Opponents have done their own studies and dispute Transgrid’s estimates, saying experts have said it will cost two times as much to go underground. They argue that Transgrid has not factored in the true costs.
“There is no mention of the external costs, such as bushfires, nor the cost impact on communities, on the mental health of the nearby residents, or on native birds and animals losing vast areas of habitat,’’ landholder Michael Katz told the inquiry. Other developed countries can go underground, he argues, so why not Australia?
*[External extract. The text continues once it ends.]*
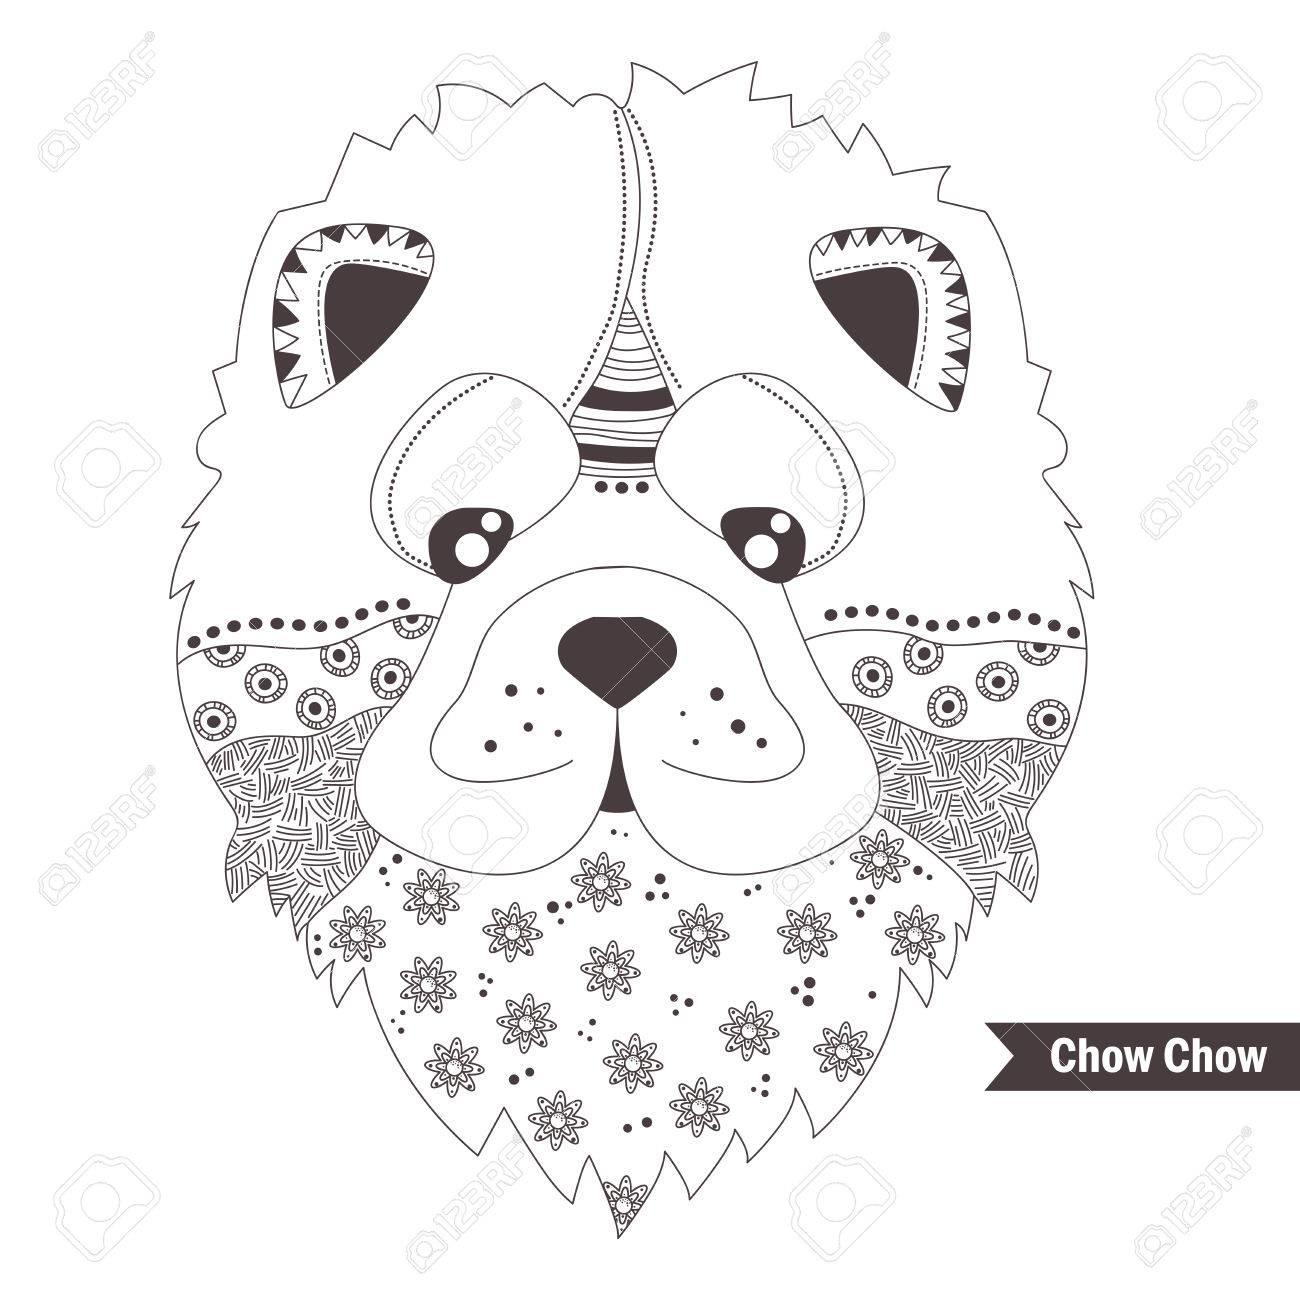 Coloriage Anti Stress Chien.Chow Chow Chien Coloriage Livre Pour Adultes Des Pages A Colorier

Further up the HumeLink route near Bannister, Russ Erwin stands at the top of his property and looks at the wind farms that now encircle this district.
The proposed new 500kV lines would go through his property and, like many other landholders, he’s concerned that it won’t stop there, that more high-voltage power lines will follow to feed electricity up and down the east coast.
The race to renewables can’t be at the cost of prime agricultural country, livelihoods and communities, he says. He looks at the trees he’s planted, the work done to regenerate the property. He recalls how John Betts from Yass used to come here to collect seeds to rewild other areas in the district.
“The burden is falling on rural people,’’ he says. “We have to look at what this means for those communities and for the environment. We need to preserve this landscape for future generations.”